"Was? Könnte es sein, dass auch du dem göttlichen Reich Treue geschworen und dich freiwillig zu ihrem Lakaien gemacht hast? Hast du den letzten Wunsch des großen Gottes Shennong vergessen?"
Li Yao blickte Wuhuan kalt an.
"Junger Meister Li... was sagen Sie da? Ich verstehe das nicht."
Wu Huans Augen weiteten sich etwas, und er warf Wangchen Siming, der in der Luft schwebte, aus dem Augenwinkel einen Blick zu.
"Du verstehst das nicht?"
"Das verstehst du wahrscheinlich ganz genau!"
Li Yao schnaubte verächtlich.
"Junger Meister Li, was genau meinen Sie damit?"
Die Wuhuan-Leute gaben vor, verwirrt zu sein.
Derweil waren der Unsterbliche im Buch und der Himmlische Geisterkönig völlig verwirrt und verstanden nicht, warum Li Yao sich plötzlich gegen die Wuhuan gewandt hatte.
"Hör auf, dich dumm zu stellen!"
"Du weißt ganz genau, was du wirklich willst!"
Li Yao spottete.
„Es stimmt, dass du kein guter Mensch sein kannst. Ich habe dir freundlich geraten, dich nicht gegen das Göttliche zu stellen, aber du hast behauptet, ich hätte Hintergedanken.“
„So sei es. Da du bereit bist, dich gegen die göttliche Sphäre zu stellen, warum sollte ich den Bösewicht spielen?“
Wu wirkte völlig gekränkt und sagte mit großem Missfallen:
Während er sprach, verschränkte er die Arme und trat zur Seite, sodass er wie ein unbeteiligter Zuschauer wirkte, der sich nicht mehr einmischen würde.
Li Yao warf dem Wuhuan einen kalten Blick zu.
Dann wandte er seinen Blick an Wangchen Siming und sagte: „Nun? Hast du es dir gut überlegt und die Seele der Kalten Markquelle übergeben?“
„Da du so stur und uneinsichtig bist, bleibt mir keine andere Wahl, als heute ein Massaker anzurichten!“
Wangchen Siming sagte ausdruckslos.
Noch bevor die Worte beendet waren, begannen plötzlich sechs Arme gleichzeitig in der Luft zu wedeln; ihre Bewegungen waren seltsam, während sie geheimnisvolle Beschwörungen sangen.
Im Nu erhob sich grenzenlose, geisterhafte Energie aus ihrem Körper, hüllte die ganze Welt in ihren Schatten und verströmte endlose Dunkelheit und Düsternis.
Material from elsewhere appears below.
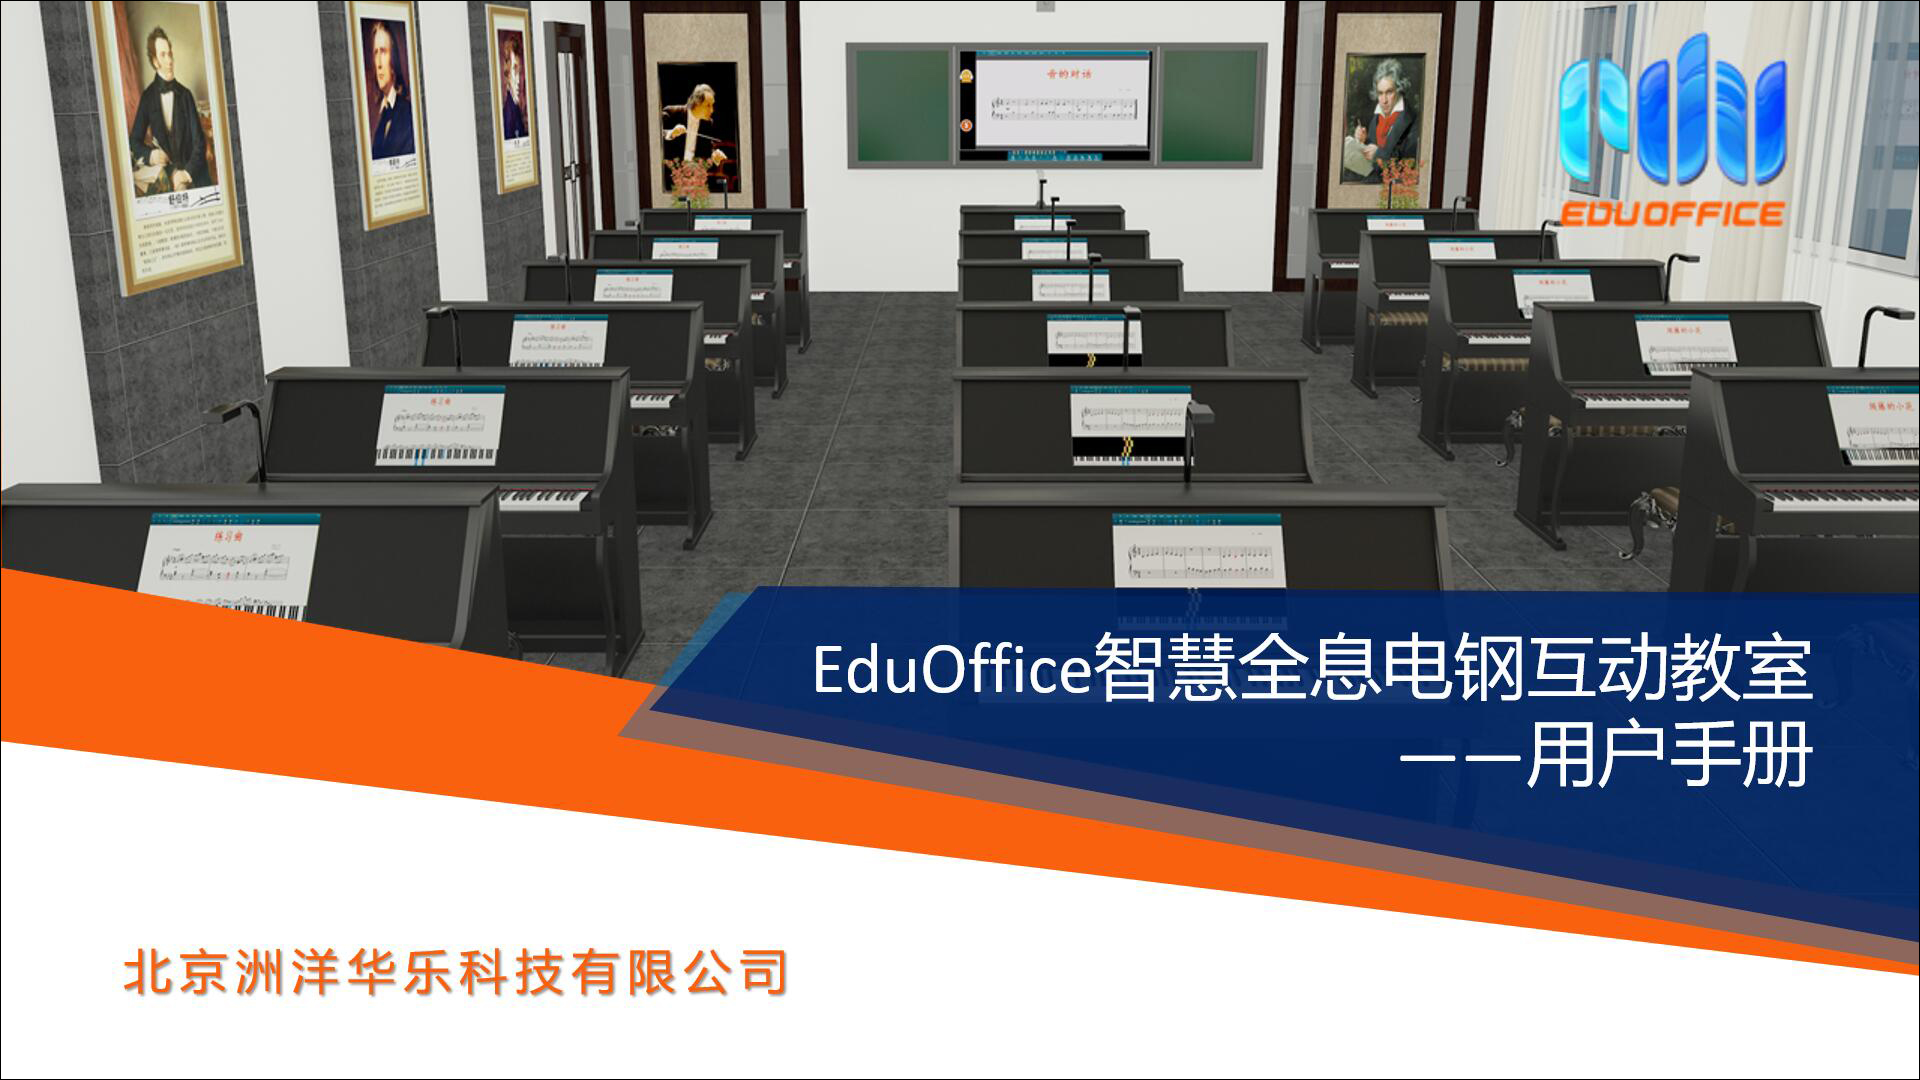 EduOffice智慧全息电钢互动教室-使用手册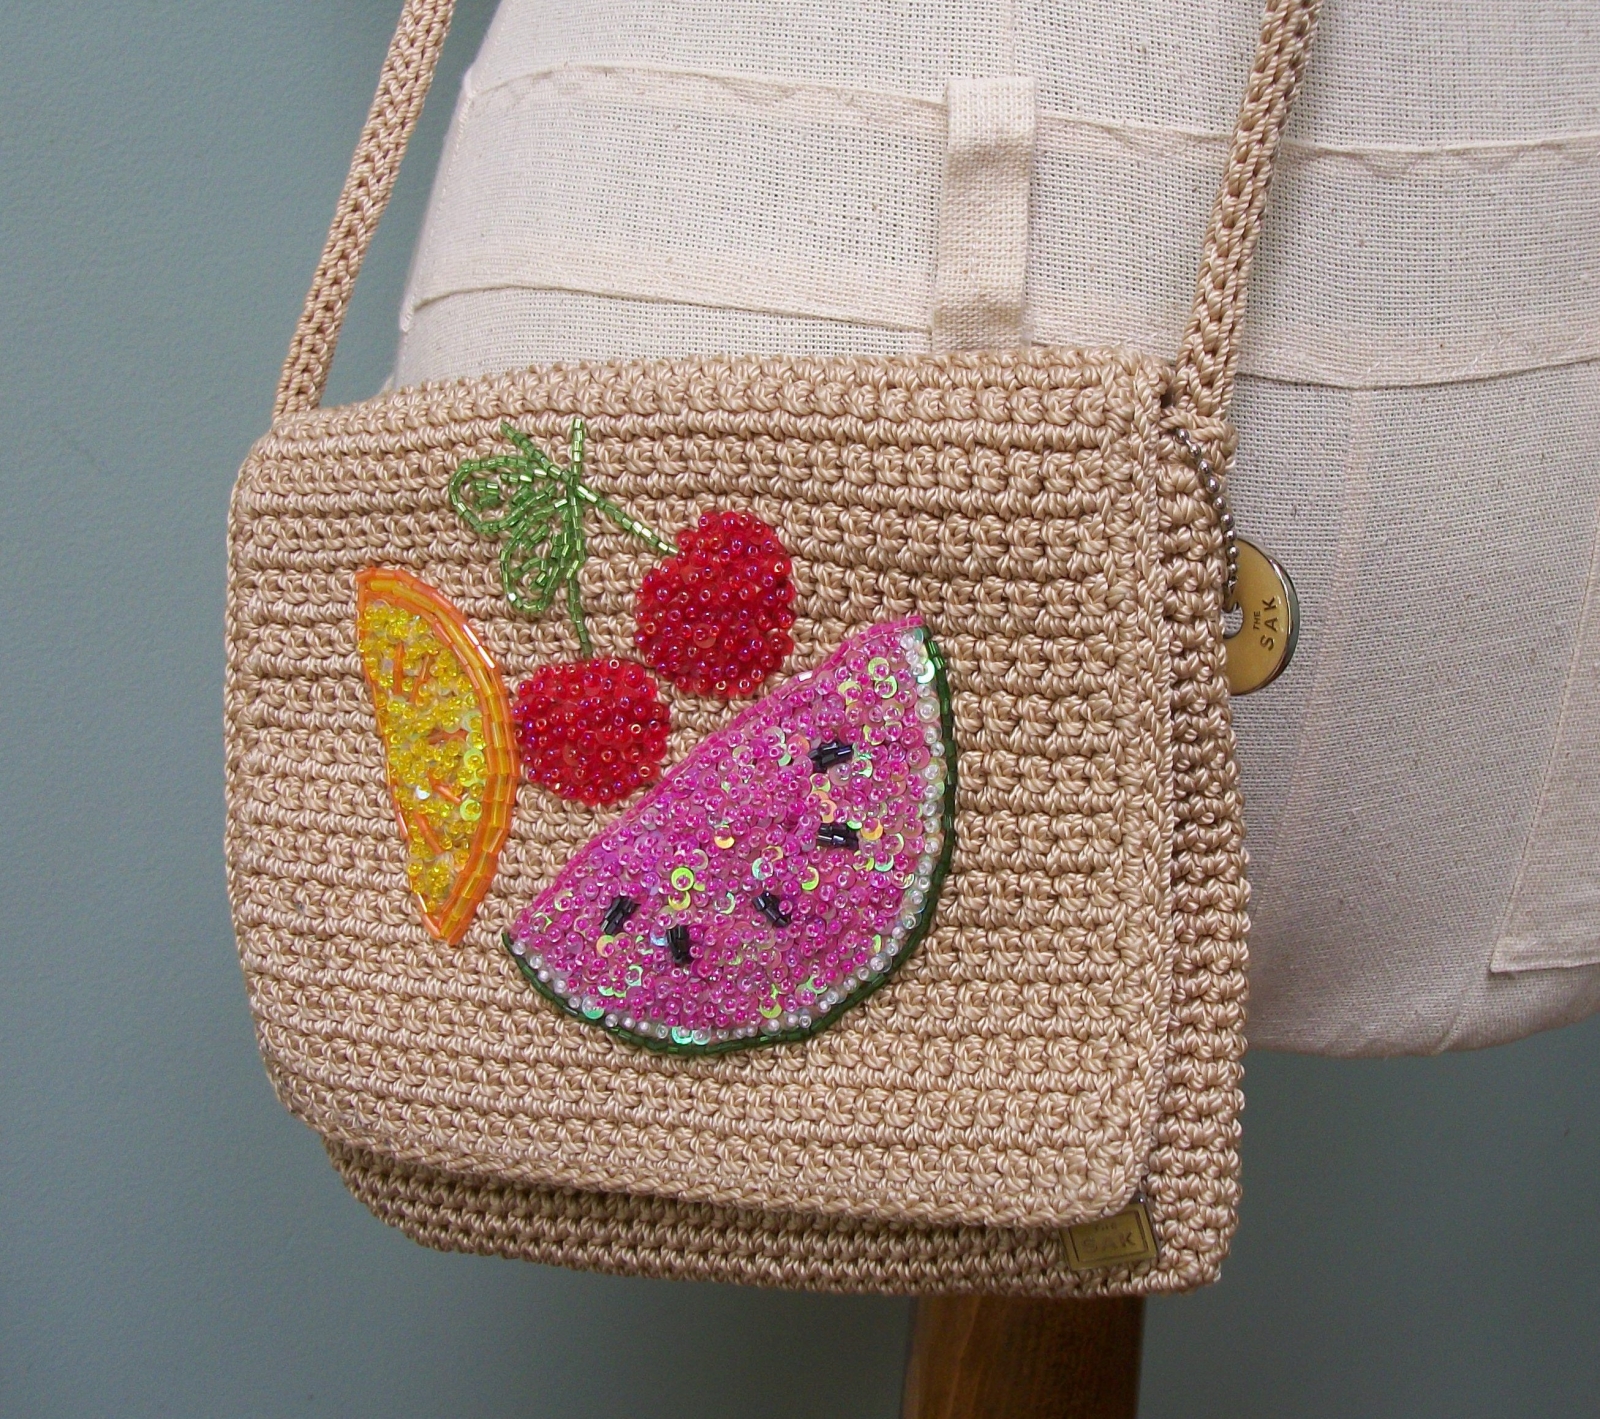 The Sak Shoulderbag the Sak Hobo Bag Vintage Crocheted

Die gespenstische Aura in der Luft glich dunklen Wolken, die sich unaufhörlich drehten und wogten. Die ohnehin schon düstere und finstere Vergessene Welt versank noch tiefer in Dunkelheit!
Aus dem dunklen, endlosen Raum strömten unzählige kalte, blaue Lichtstrahlen hervor und flogen auf Wangchen Siming zu.
Bald darauf verdichtete sich ein ätherischer, lotusförmiger Glanz, fast greifbar, auf ihren sechs Händen.
Mit einem scharfen Schrei von ihr.
Eine nach der anderen schossen die strahlend blauen Lotusblüten wie fallende Meteore auf Li Yao zu.
„Was für beeindruckende Fähigkeiten! Ich hätte nie gedacht, dass Wangchen Siming so mächtig ist. Kein Wunder, dass die alten Knacker im Geisterreich es nie gewagt haben, gegen Wangchen Huan zu intrigieren!“
Der Himmlische Dämonenkaiser murmelte erstaunt vor sich hin.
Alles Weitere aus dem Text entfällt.